___ SUPPLIED RECORDS
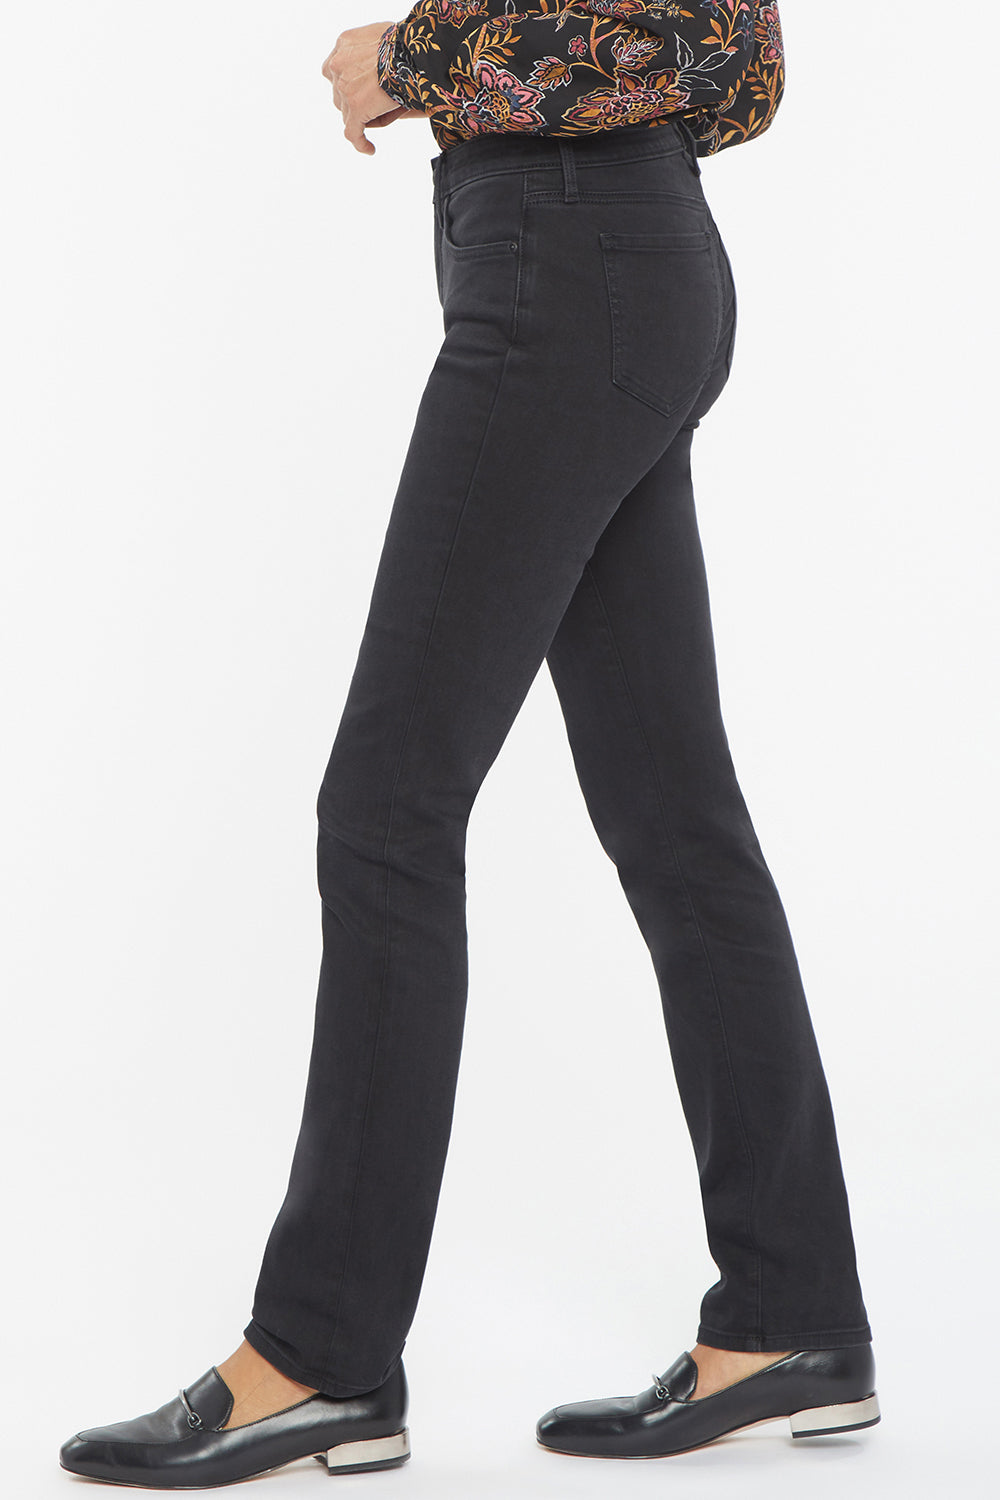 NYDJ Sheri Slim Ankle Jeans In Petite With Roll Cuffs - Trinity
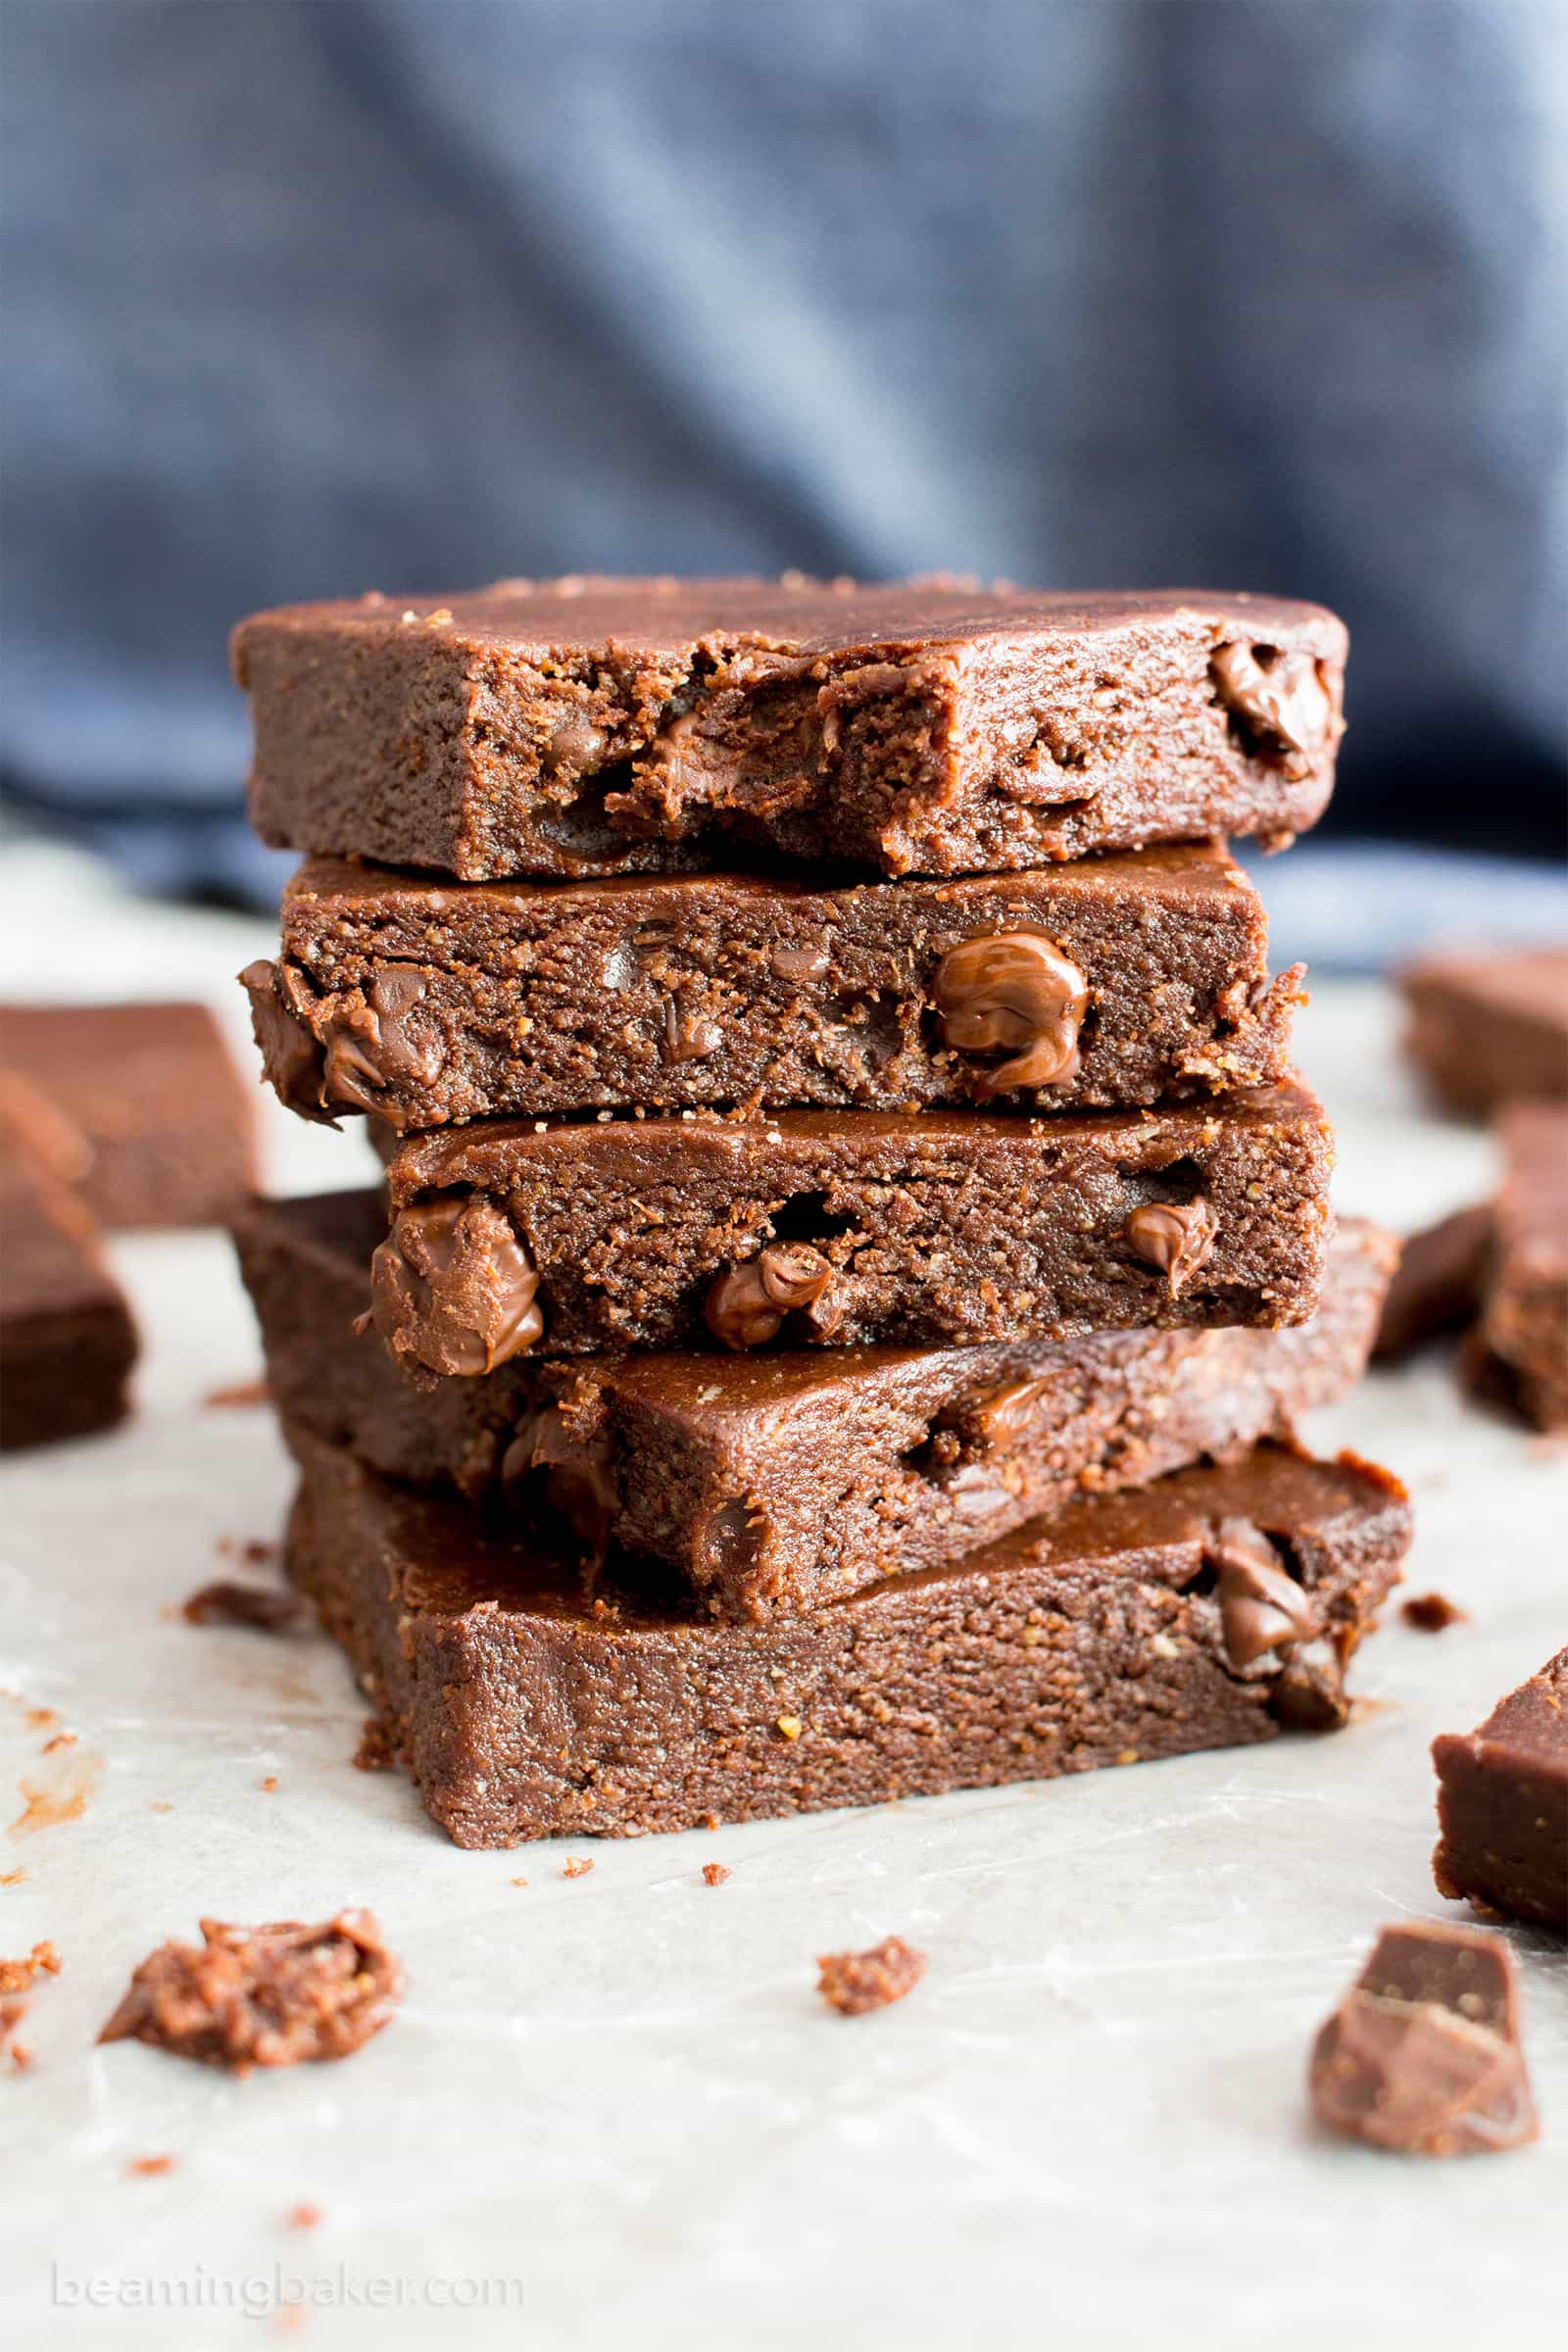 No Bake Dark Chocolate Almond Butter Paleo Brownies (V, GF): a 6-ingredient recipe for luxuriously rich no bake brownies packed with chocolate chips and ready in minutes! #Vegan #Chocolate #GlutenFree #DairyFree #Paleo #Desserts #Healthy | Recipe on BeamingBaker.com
______
___ SUPPLIED RECORDS
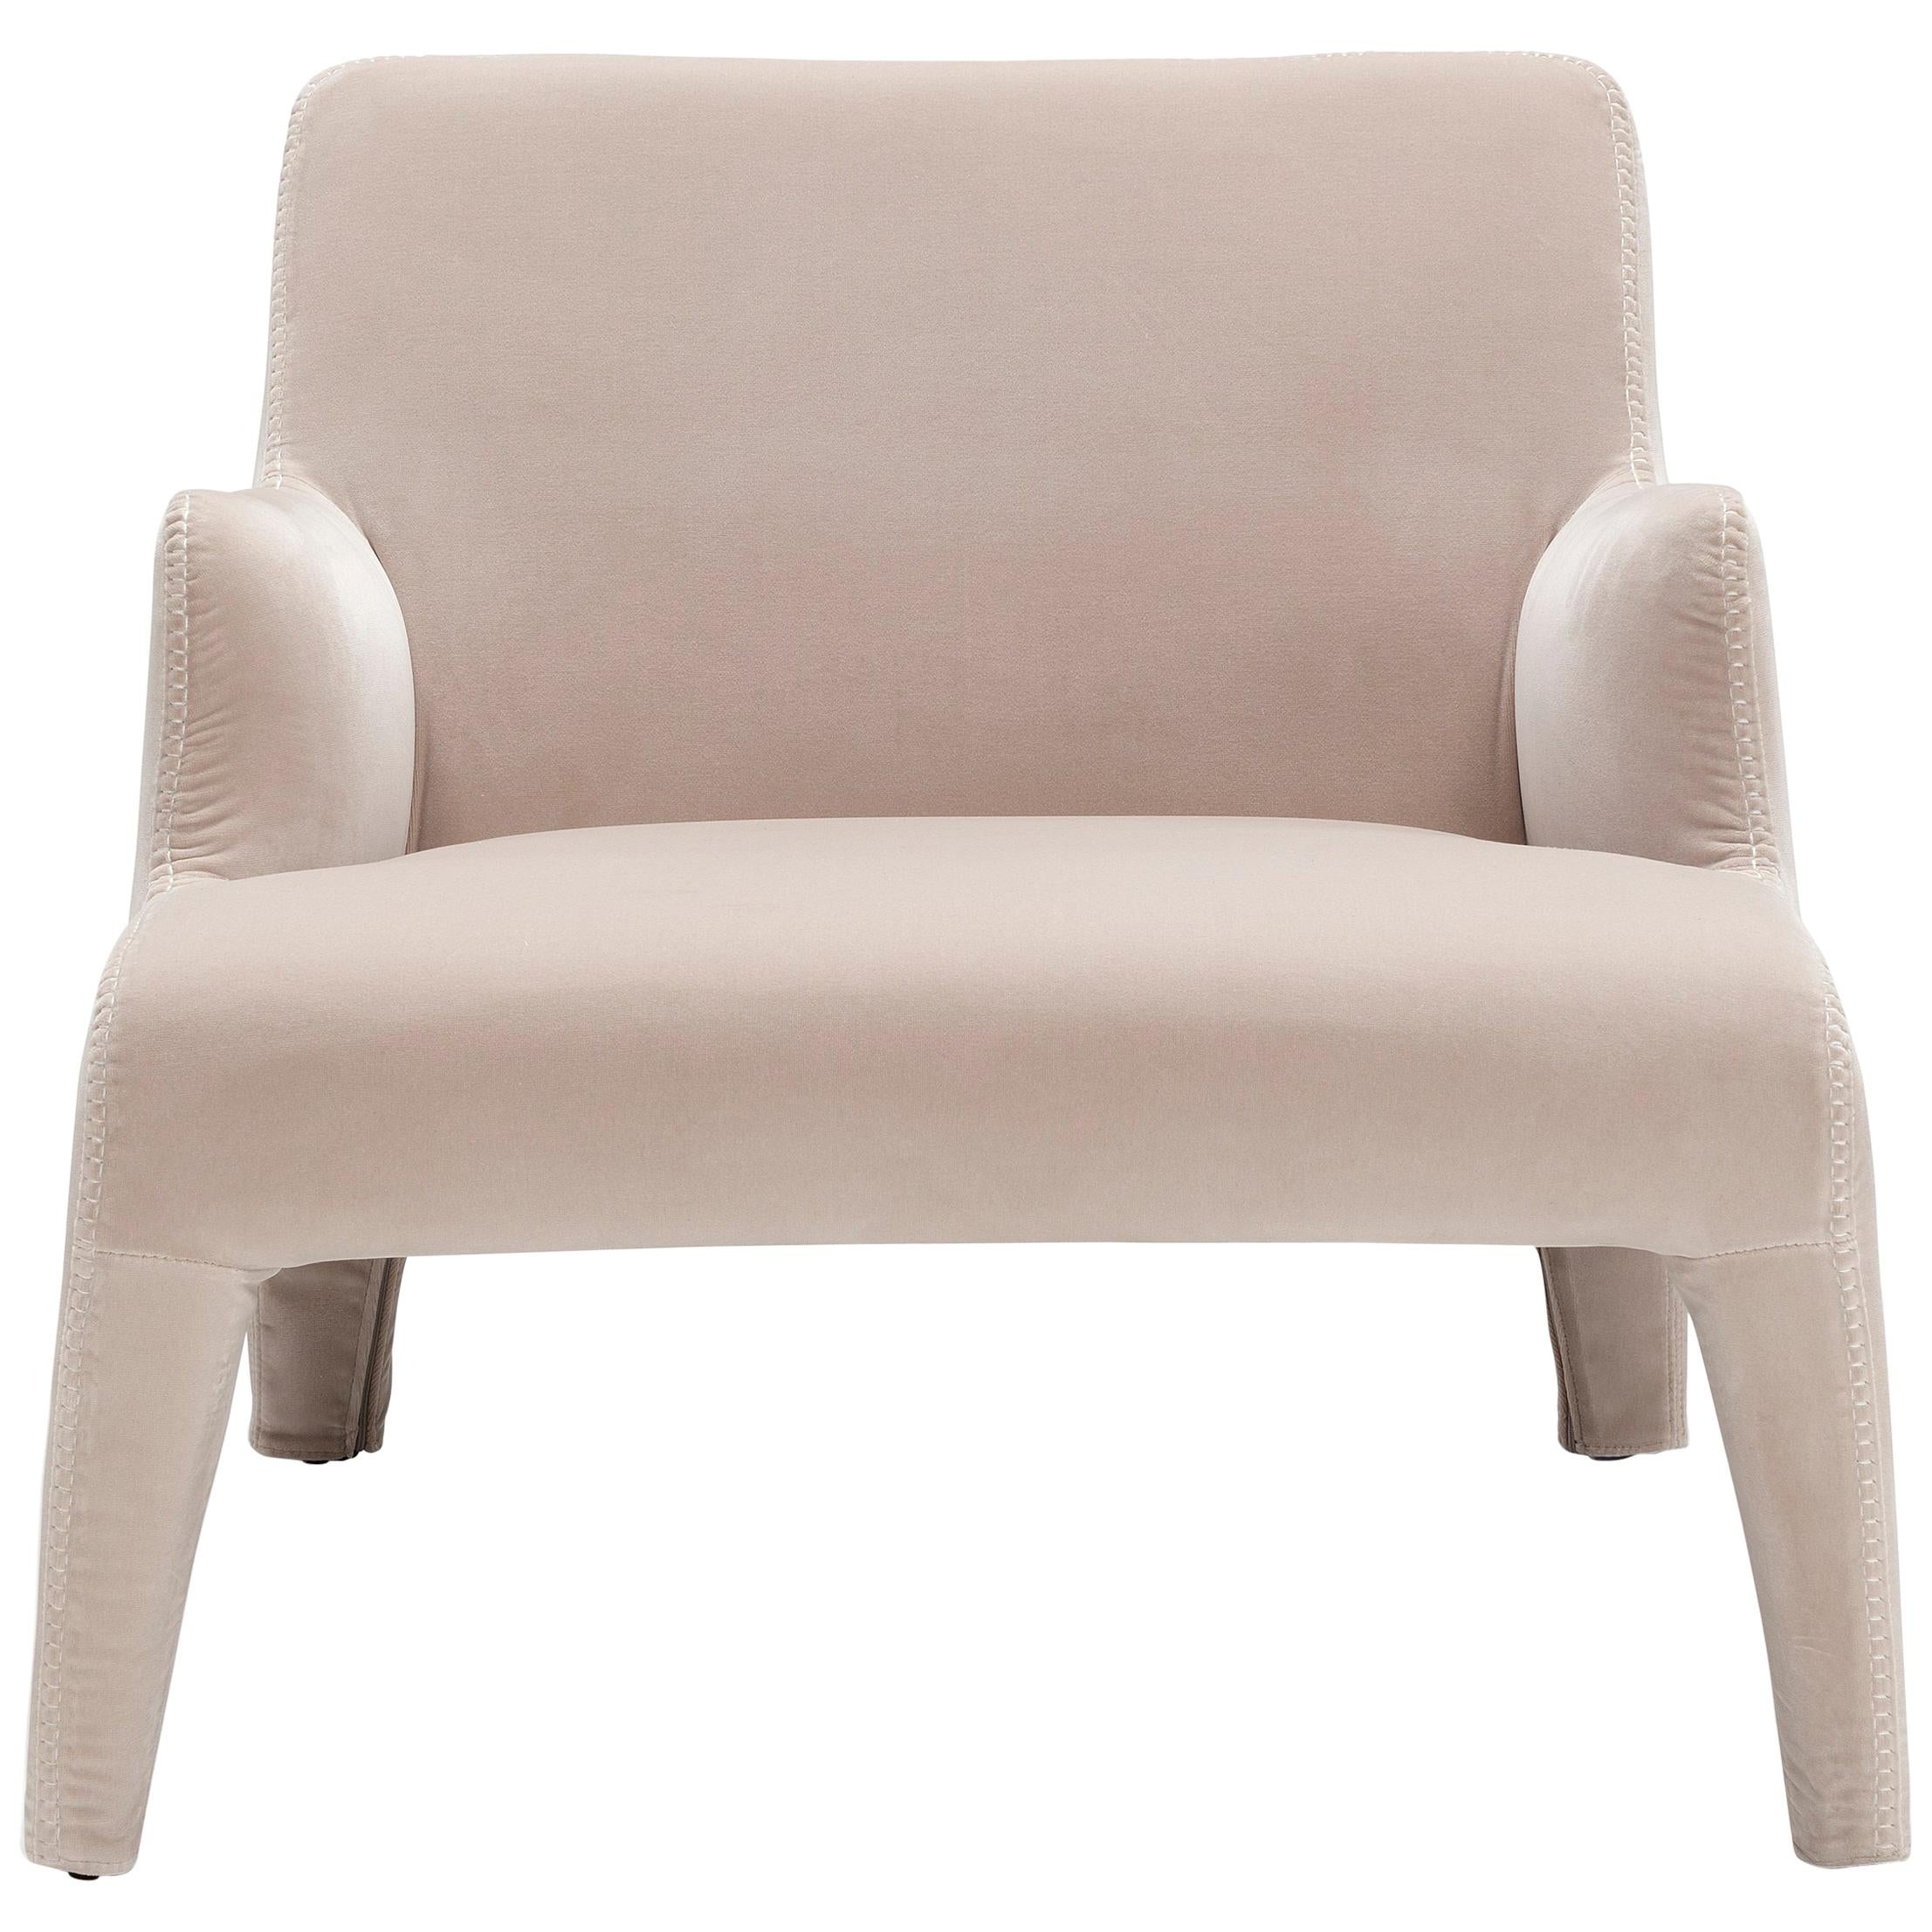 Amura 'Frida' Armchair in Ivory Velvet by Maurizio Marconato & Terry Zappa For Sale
______
■ ACTIVITY ■
For the entries above, print exactly the lines between the one with "NYDJ Sheri Slim" and the one with "No Bake Dark", inclusive, with no pictures.

■ SOLUTION BELOW ■
 NYDJ Sheri Slim Ankle Jeans In Petite With Roll Cuffs - Trinity
 No Bake Dark Chocolate Almond Butter Paleo Brownies (V, GF): a 6-ingredient recipe for luxuriously rich no bake brownies packed with chocolate chips and ready in minutes! #Vegan #Chocolate #GlutenFree #DairyFree #Paleo #Desserts #Healthy | Recipe on BeamingBaker.com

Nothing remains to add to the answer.